::: Data :::
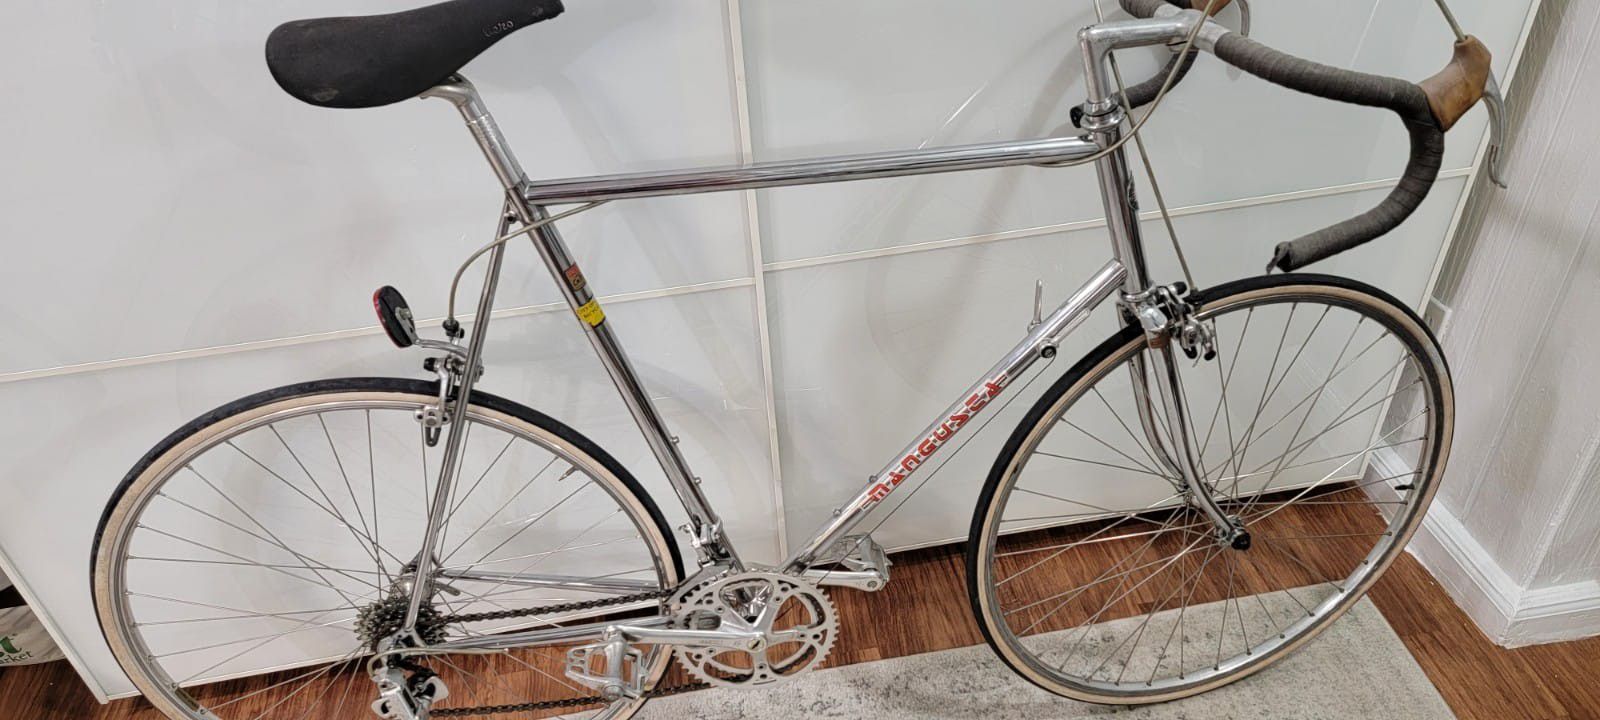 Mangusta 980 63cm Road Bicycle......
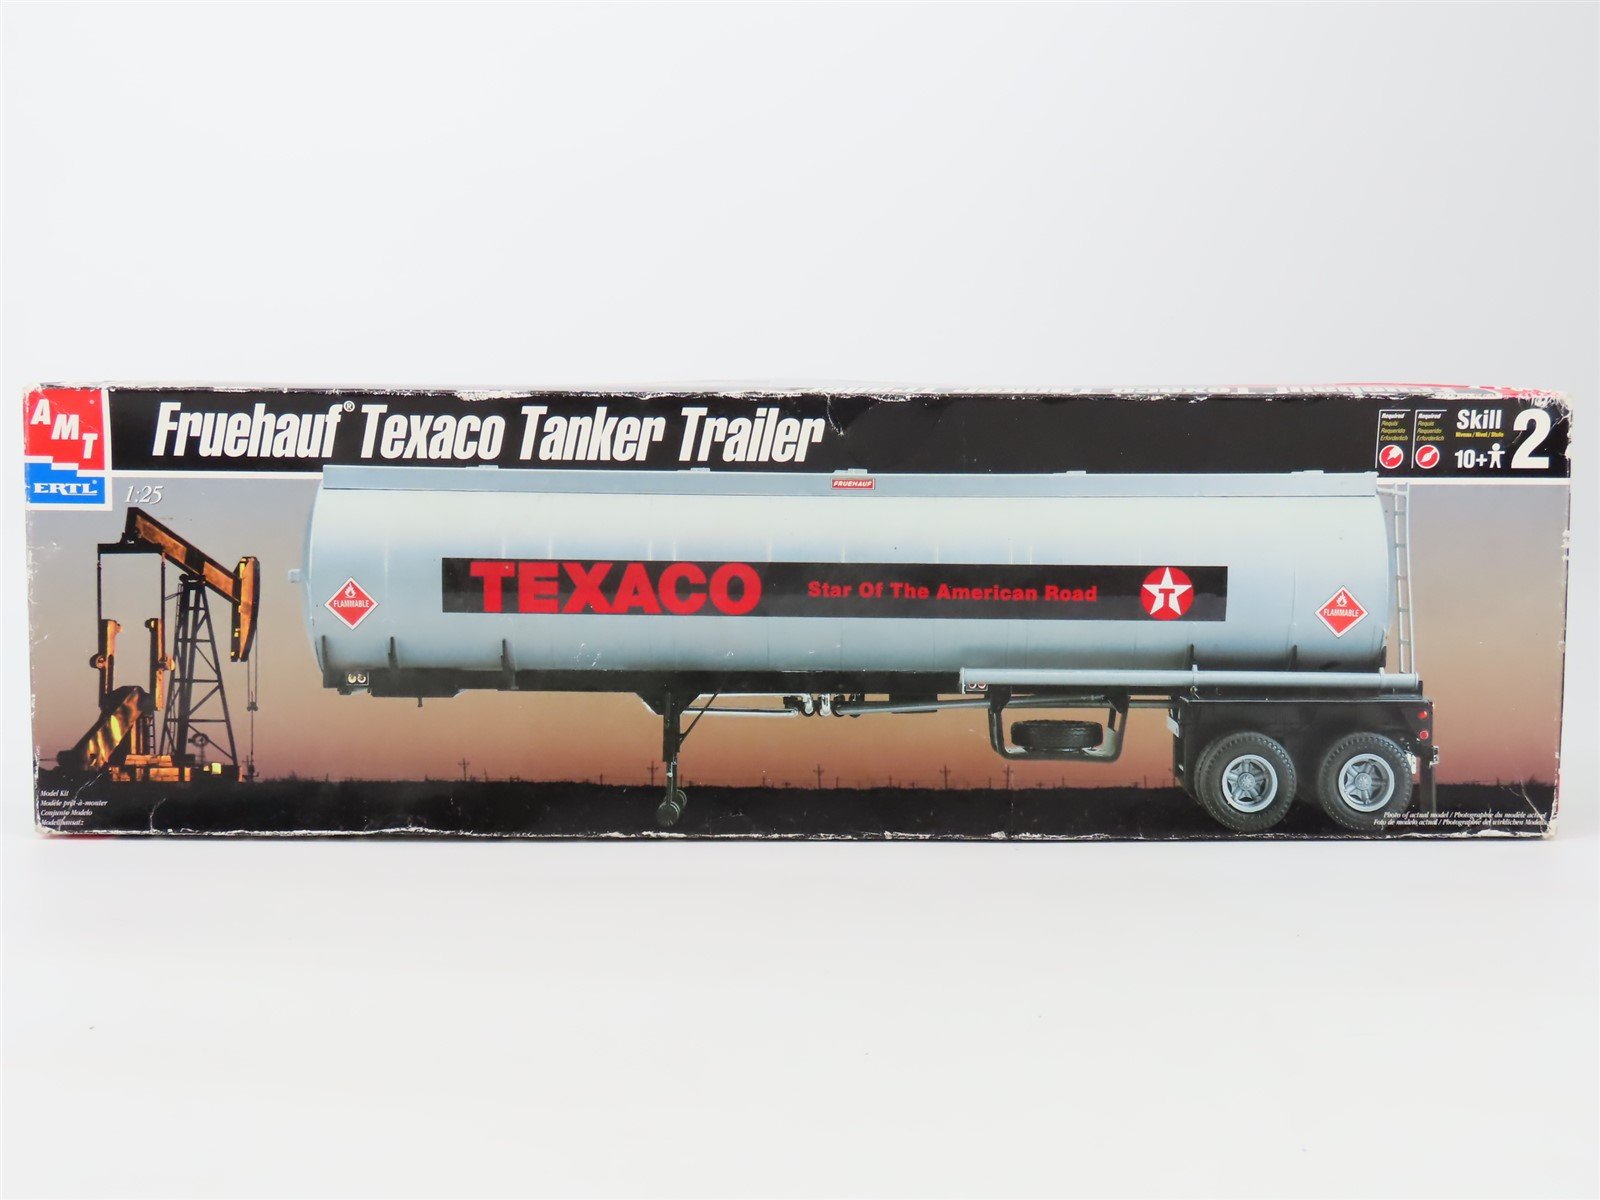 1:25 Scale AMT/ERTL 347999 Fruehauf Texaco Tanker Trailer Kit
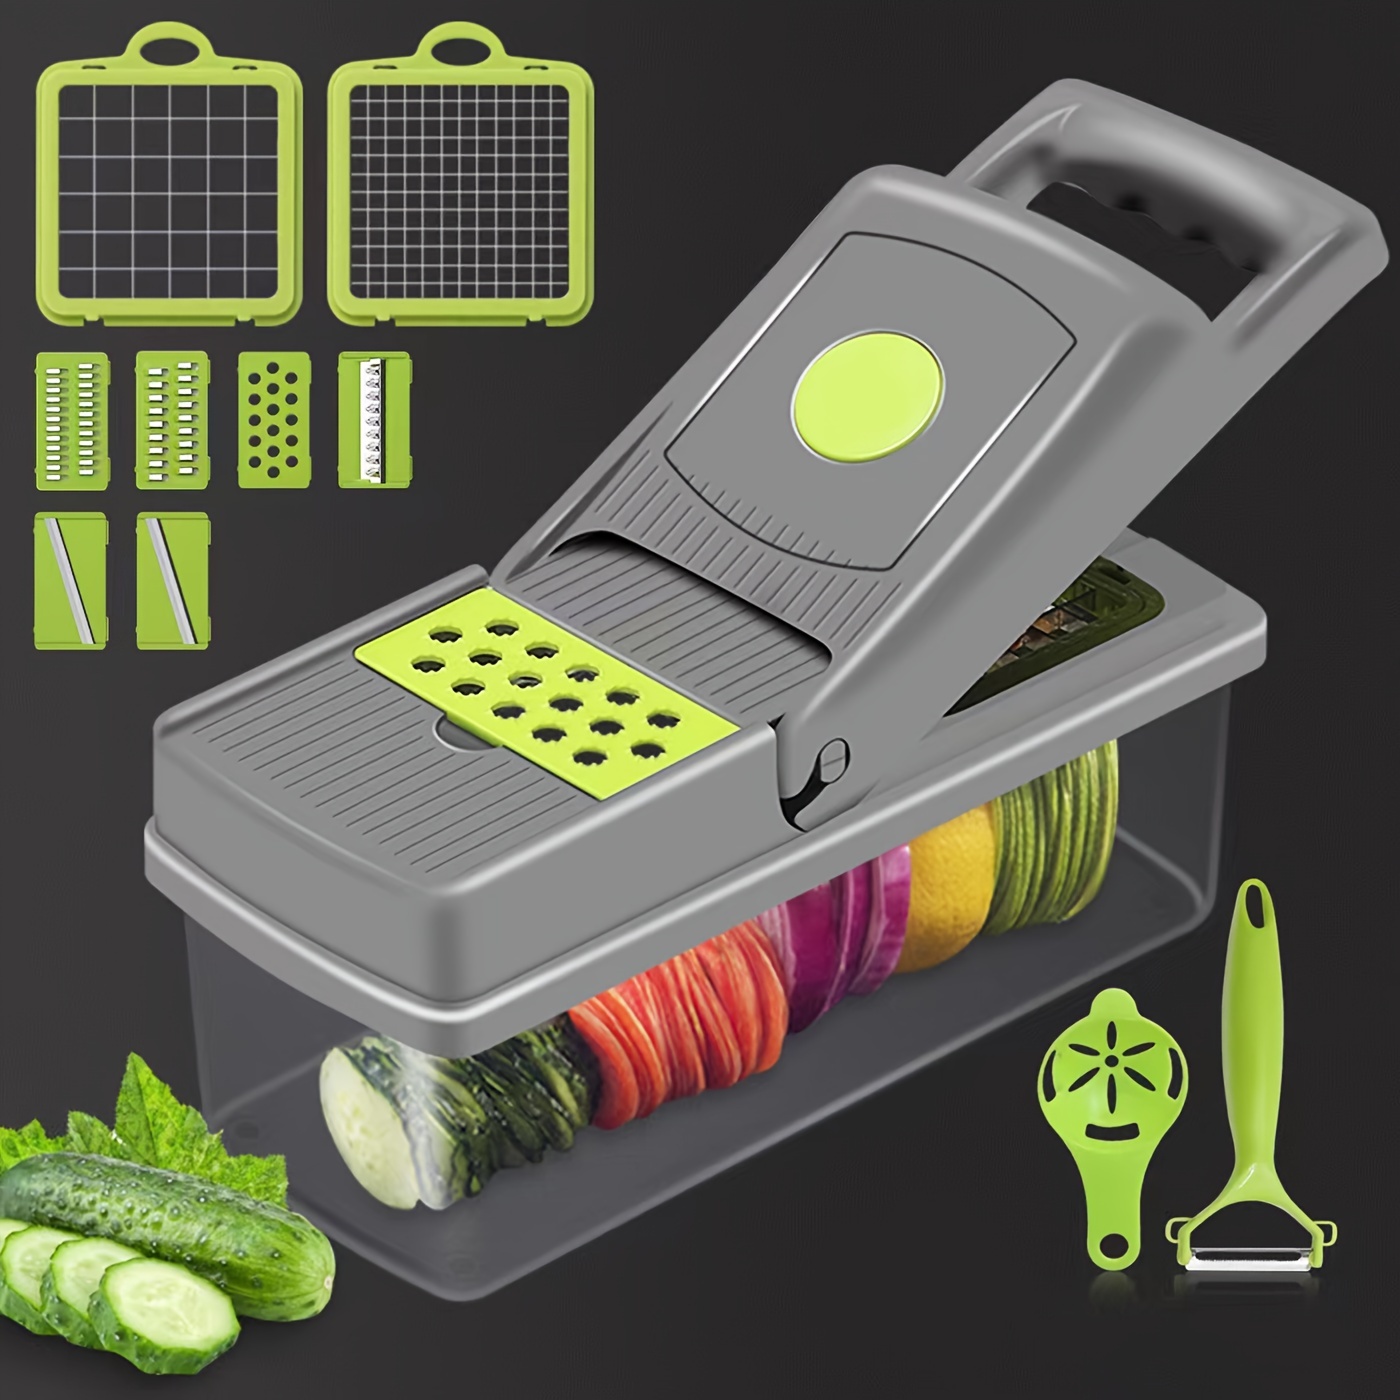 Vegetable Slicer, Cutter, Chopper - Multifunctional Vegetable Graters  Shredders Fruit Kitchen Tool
:::
◆ **Task**
Reproduce the listing above exactly, excluding all pictures.

◆ **The completed task**
 Mangusta 980 63cm Road Bicycle......
 1:25 Scale AMT/ERTL 347999 Fruehauf Texaco Tanker Trailer Kit
 Vegetable Slicer, Cutter, Chopper - Multifunctional Vegetable Graters  Shredders Fruit Kitchen Tool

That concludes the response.